Despite the positive crowd reactions, and shopping around to a whole host of UK imprints, the pair failed to secure an initial deal. This led Evelyn and Harper on a quest to New York to buy music, buy trainers and get a record deal. “We didn’t get the latter,” Evelyn explains. “So, on the way back, we decided to put it out ourselves. I borrowed £400 off my brother and pressed 2000 copies of the record. We hired a car, borrowed a driver’s license from my mate and started pitching to record stores up and down the country. We ended up selling the 2000 copies in two weeks. That was July ’89.”
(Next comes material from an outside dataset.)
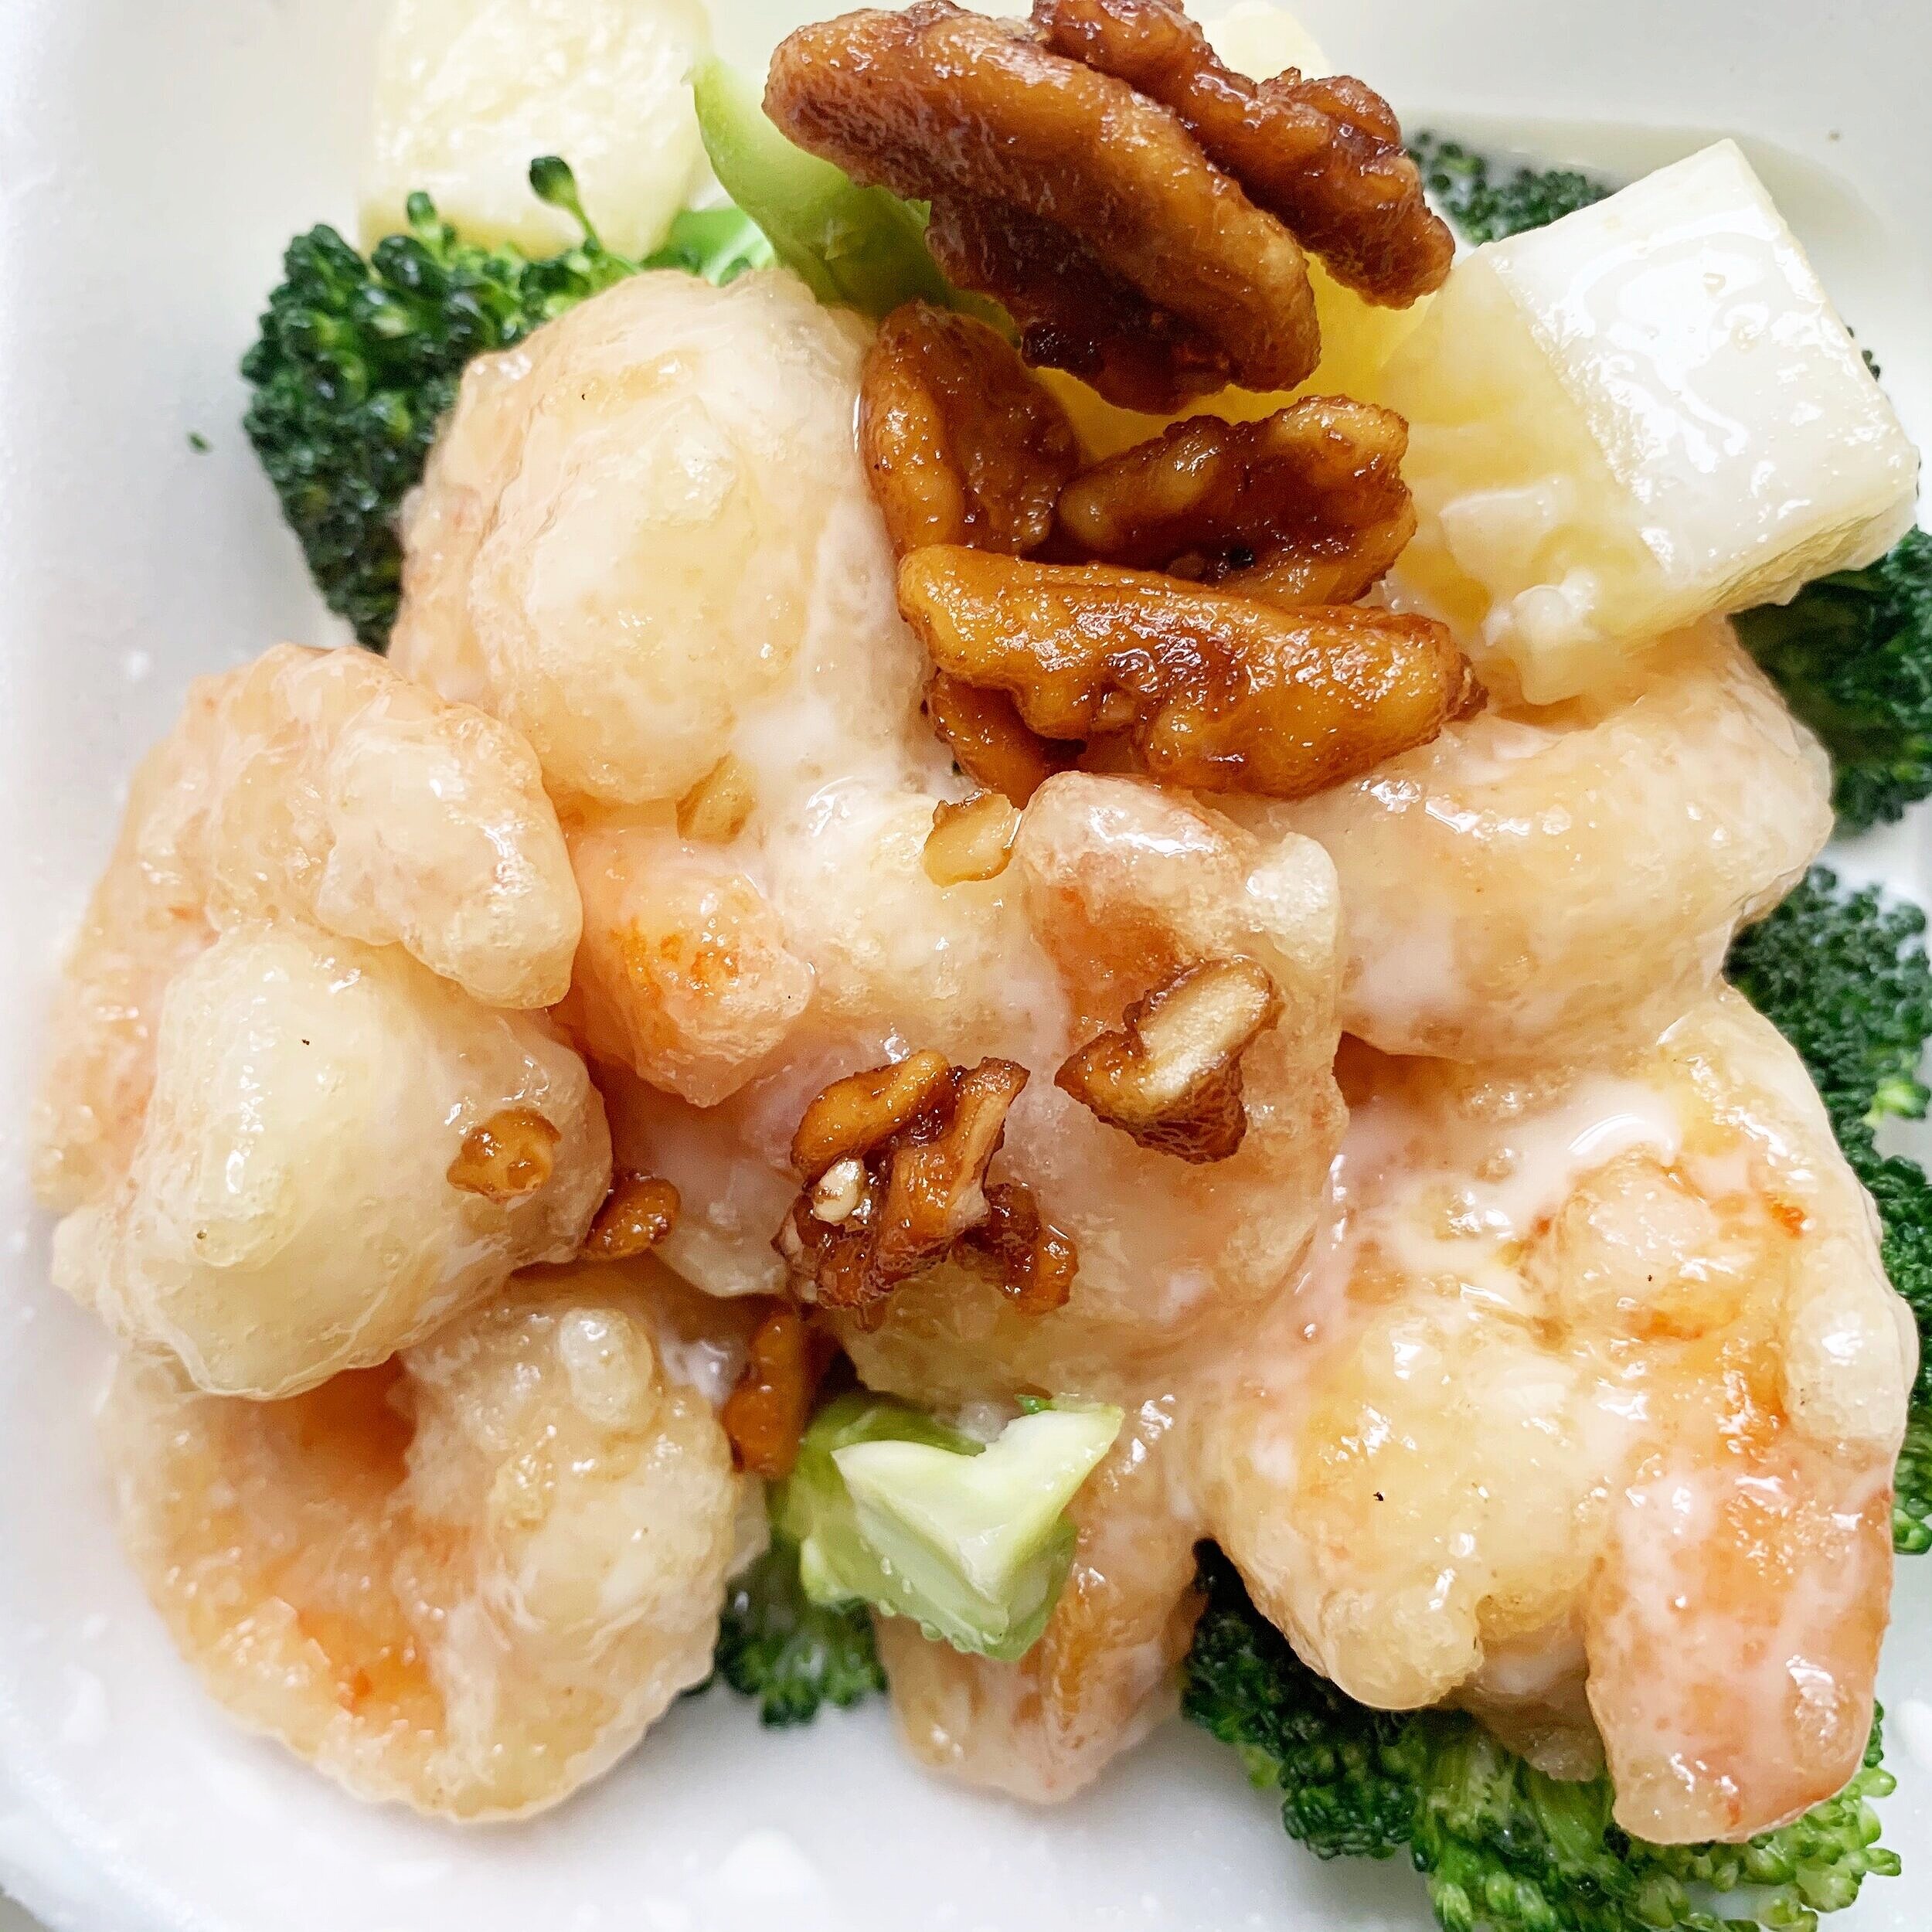 JOYFUL GARDEN, Watertown: Shrimp with Honey Walnut

Follow-up single Dextrous caught the attention of Warp founder Steve Beckett, who got in touch a few months later to ask if they wanted to remix the track for his fledgling label. By the end of the year, Dextrous had gone to number 75 in the charts, and the pair had well and truly infiltrated the nation’s musical bloodstream. “Rave culture was kicking off at that point too,” Evelyn recalls. “It was a social revolution. I remember going down the M62 to this warehouse rave in Blackburn and there was three speed cop cars trying to block all the lanes to slow down the convoy. There was a copper in the street trying to stop cars going past and people were just bombing past – they couldn’t give a shit. I remember looking out the back window at the copper and thinking, ‘This is what the 60s must’ve been like!’ There was a detachment from the system, which forced people to look within themselves. I still believe that’s why some of the most profound pieces of music can come out of the bleakest situations.”

Time has since moved on from those halcyon days, but that sense of fearlessness and experimentation has remained fixed in the Nightmares on Wax psyche. Seven albums later and Evelyn has pushed the envelope at every turn, never content to rest on his laurels or to give in to the easy option of churning out biennial imitations of Smoker’s Delight. This is what makes the process of putting together a concise assessment of the entire N.O.W. journey a very tough challenge.

“There are so many ways to approach a best of,” explains Evelyn. “You can go chronologically, but you soon realise that doesn’t work. You have to think about what each album represents, and the different stages of the journey. Each one has its own stamp, and one album can’t be more prominent than another.

“It’s been very, very emotional. There are certain tracks I listen back to now and, because I’m in such a different mental state to when I made it, it sounds completely different to me. It’s amazing having that detachment from a piece of music you’ve made because you start to hear it from an objective point of view – in a good way. You care less about being egotistical about your own stuff, and you start to fully acknowledge what you’ve created. I really dig stuff now that ten years ago I thought wasn’t up to scratch at all.”

For Evelyn, the key lies in “getting out of your own way.” The deeper you go into your own productions, the more observant you become, and the more questions you introduce in analysis, which allows doubt and fear to come into the equation. “My last LP, Feelin’ Good, wasn’t about what I thought, or how loud the hi-hats were; it was about what I felt. It’s what I’ve been trying to say all along, my expression of happiness. This journey has taken me everywhere, and I’ve been off the beaten track so many times out of curiosity, just to ask ‘What’s down there?’ It feels like I’ve come full circle, back to the frame of mind where I started out. Ibiza has helped me to unravel, so now I can say things, musically, without having to search for my voice – and I know it’s the truth that’s coming through.”